Pick a VAE that matches your style
If your Stable Diffusion images look slightly grey, washed out or muddy, the VAE is almost always the culprit. The VAE is the final decode step that turns the model’s latent math into pixels, and different VAEs render colour, contrast and especially skin tones differently. This guide matches your image style to a well-known VAE and tells you exactly which file to download.
How VAEs affect the image
Stable Diffusion works in a compressed latent space; the VAE decodes that latent into the RGB image you see. Two checkpoints with the same prompt can look very different purely because of their VAE:
- sd-vae-ft-mse-840000 — the community default for SD 1.5 realism. Slightly softer, very natural skin tones, reliable colour.
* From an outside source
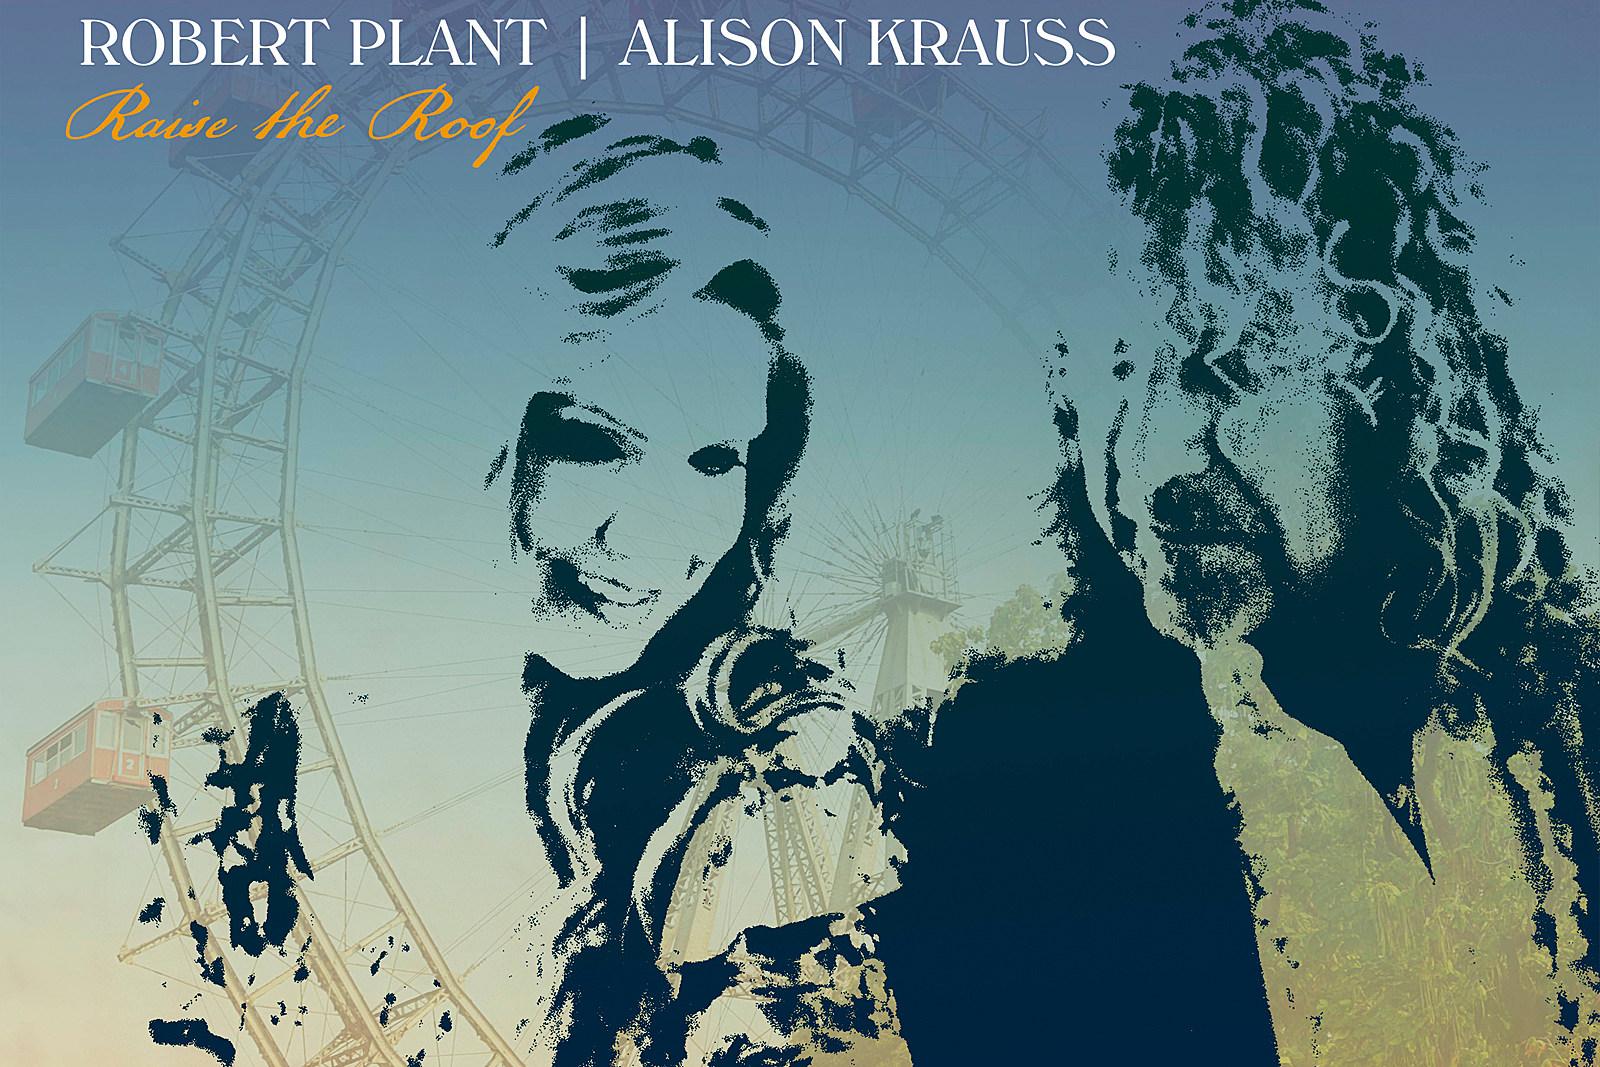 Robert Plant and Alison Krauss Reunite for 'Raise the Roof' Album

- vae-ft-mse (original) — a touch more contrast and saturation than 840000; good general purpose.
- kl-f8-anime2 / blessed2 — tuned for anime and illustration: punchier colours, cleaner flat regions, crisp lineart.
- SDXL VAE (sdxl-vae-fp16-fix) — the standard for SDXL. The fp16-fix variant avoids the black-image NaN bug on some GPUs.
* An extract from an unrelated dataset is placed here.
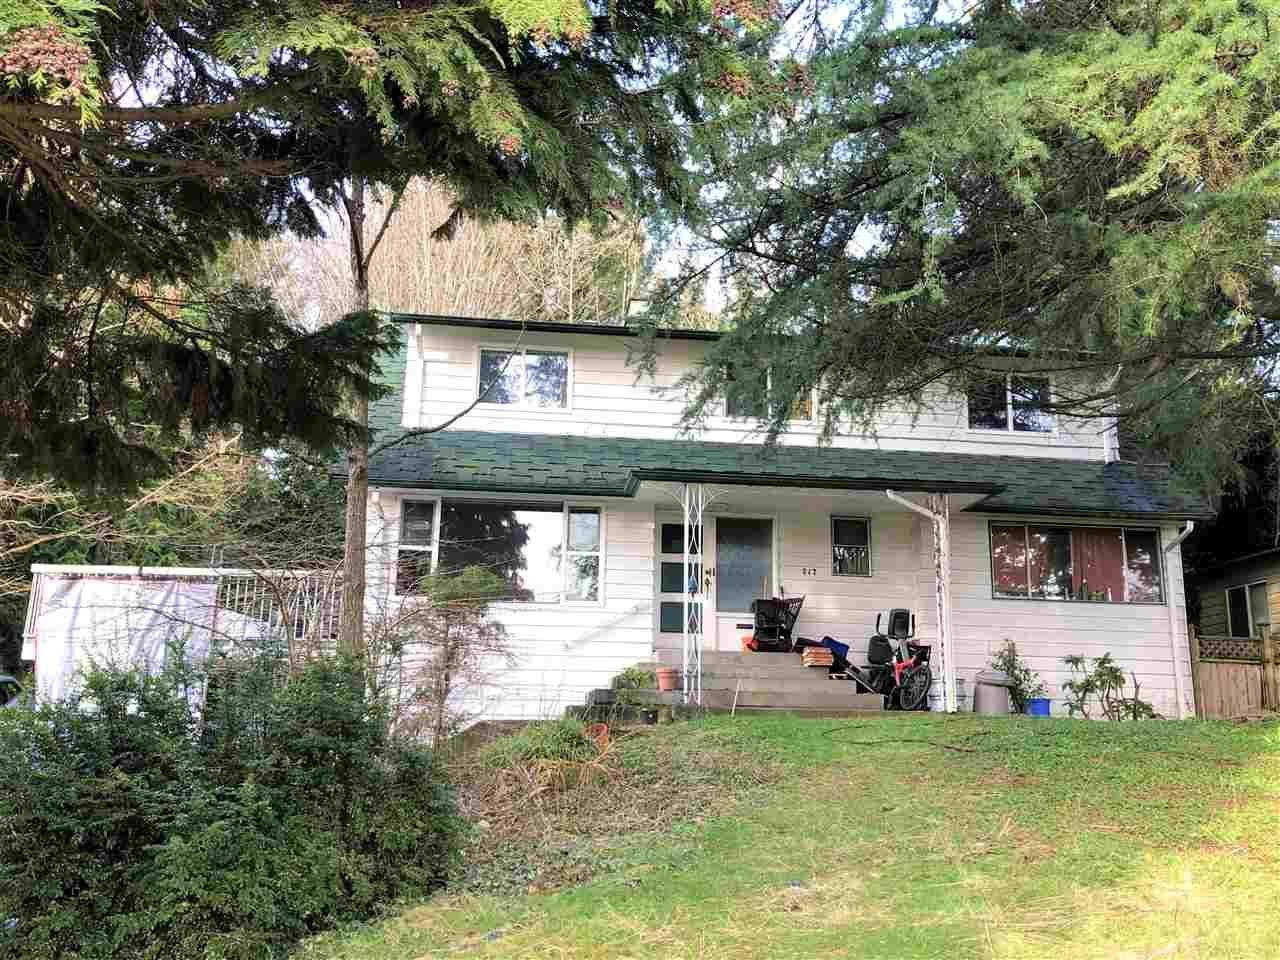 Main Photo: 717 EDGAR Avenue in Coquitlam: Coquitlam West House for sale : MLS®# R2535129

A mismatched or missing VAE shows up as flat, desaturated output — the tell-tale “grey wash.”
Tips and download notes
- Drop files in
models/VAE/(Automatic1111/Forge) or your ComfyUImodels/vae/folder, then refresh and select from the VAE dropdown. - Use Automatic first. Many modern checkpoints ship a good baked-in VAE; only override if the image looks washed out.
- Match the architecture. SD 1.5 VAEs never work on SDXL and vice versa.
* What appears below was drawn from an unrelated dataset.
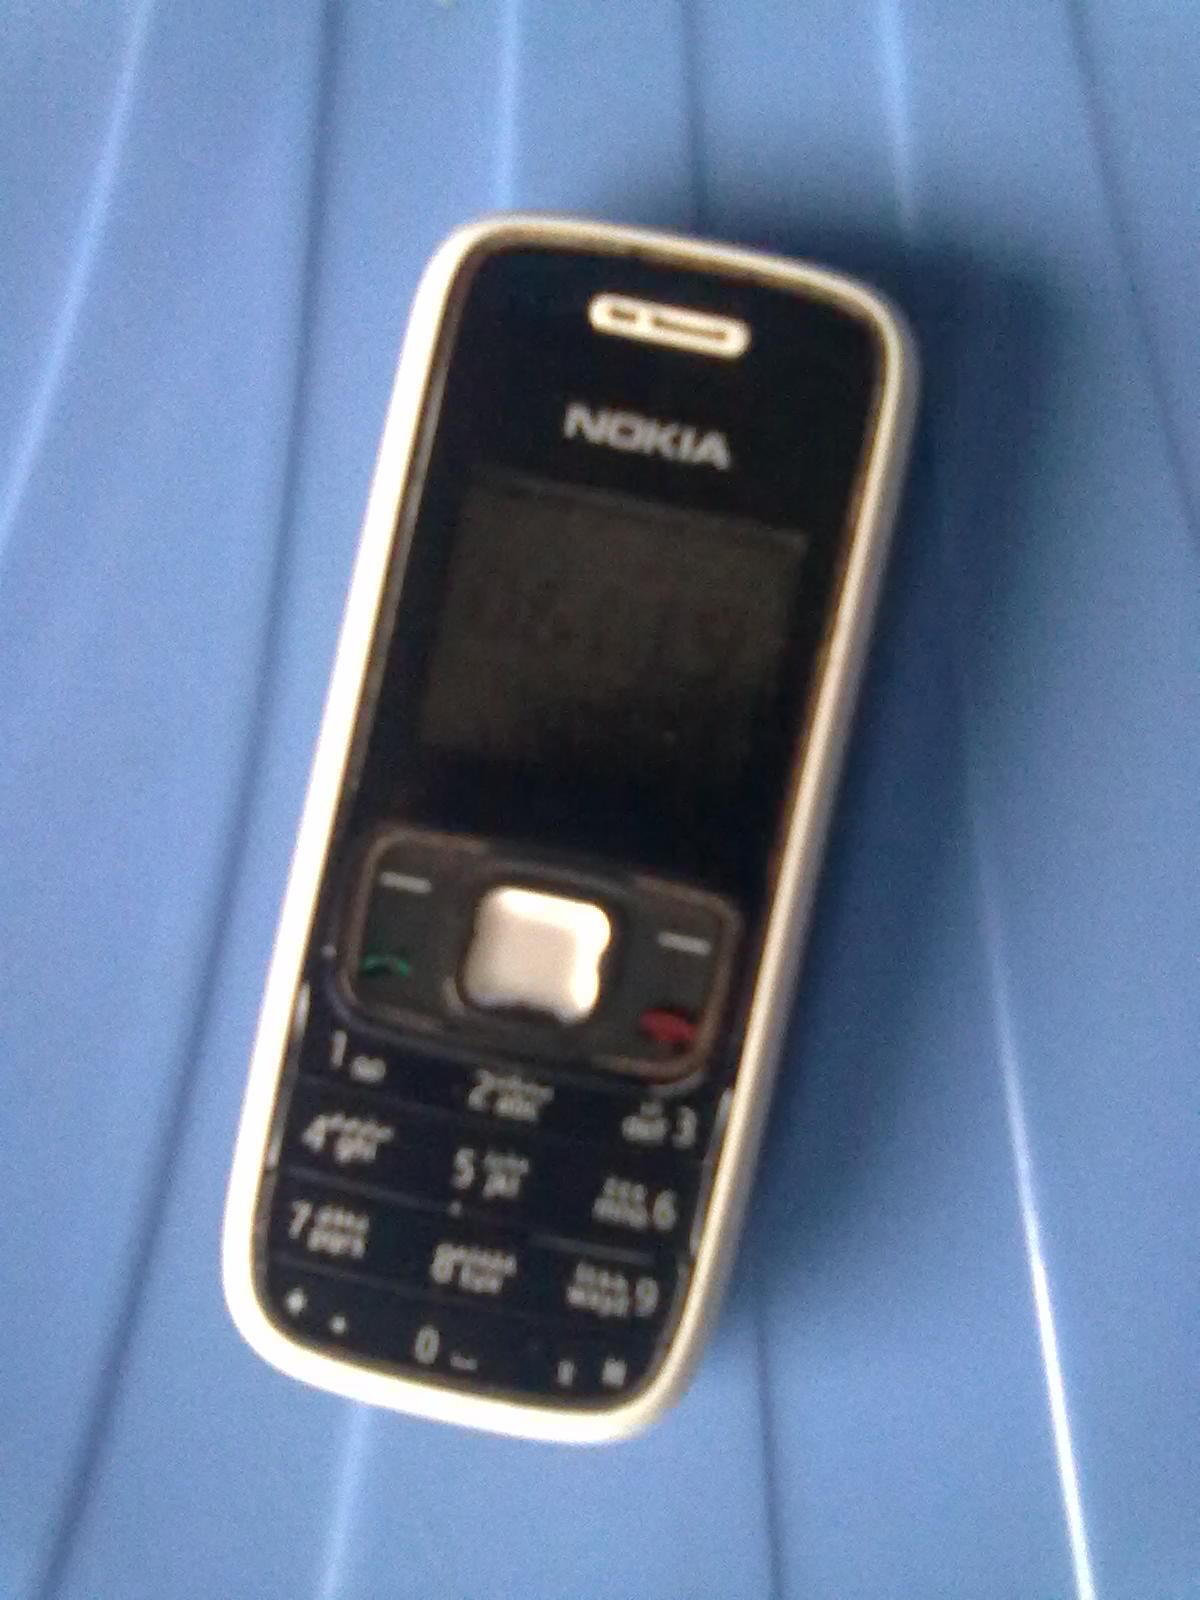 Nokia 1209 Price Nokia 1209 Color Mobil...

- fp16-fix for SDXL on consumer GPUs. If you get pure-black images on SDXL,
switch to
sdxl-vae-fp16-fix— it solves the half-precision NaN problem. - All of these VAEs are hosted on Hugging Face (stabilityai and community repos); search the exact filename to find the canonical download.
What the VAE actually does in the diffusion pipeline
Stable Diffusion does not operate on pixels directly during the diffusion steps. Instead, the input image is first encoded into a compressed latent representation by the VAE encoder (a grid roughly 8× smaller than the image in each dimension). The diffusion model then works entirely in this smaller latent space — adding and removing noise over many steps. Only at the very end does the VAE decoder convert the final denoised latent back into RGB pixel values.
This design is why the VAE has such a large effect on visual quality: it is responsible for the final translation from abstract latent mathematics into the actual colours and textures you see. A well-tuned VAE recovers fine detail and accurate colour; a poorly matched one introduces colour shifts, blurriness, or loss of high-frequency texture.
SD 1.5 VAE options compared
For SD 1.5 checkpoints, three VAEs are commonly discussed:
sd-vae-ft-mse-840000 is fine-tuned with mean squared error loss on a large dataset. It produces the most natural-looking skin tones and is the safest default for photorealistic and portrait work. The “840000” in the name refers to the training steps.
vae-ft-mse (non-840k) is an earlier version of the same fine-tuning. It tends toward slightly stronger contrast and saturation, which some find more aesthetically pleasing for vibrant scene types but which can look slightly oversaturated on skin.
kl-f8-anime2 uses a KL divergence loss and is trained primarily on anime art. It produces cleaner, punchier colours with less muddiness in saturated regions and sharper linework — the right choice when your checkpoint is focused on illustration or anime styles.
The SDXL VAE fp16 NaN problem
SDXL uses its own VAE architecture that is incompatible with SD 1.5 VAEs. The
official Stability AI VAE for SDXL works well on full float32 precision but can
produce entirely black images on consumer GPUs running in fp16 mode. This is
because certain intermediate values overflow to NaN in half-precision arithmetic
during the decode. The community-created sdxl-vae-fp16-fix resolves this by
adjusting normalization and activation layers to stay numerically stable in fp16.
If you are running SDXL on a consumer GPU and seeing black outputs, this is
almost certainly the fix you need.
Signs your VAE is wrong or missing
- Colours are flat and greyish even with vivid prompts
- Skin tones look muddy or olive regardless of lighting
- Fine details like hair strands, fabric texture, or eye reflections are blurry
- SDXL images come out pure black
- The image looks correct but with an odd colour cast across the entire frame
Any of these symptoms points to trying a different VAE before adjusting prompts or sampler settings.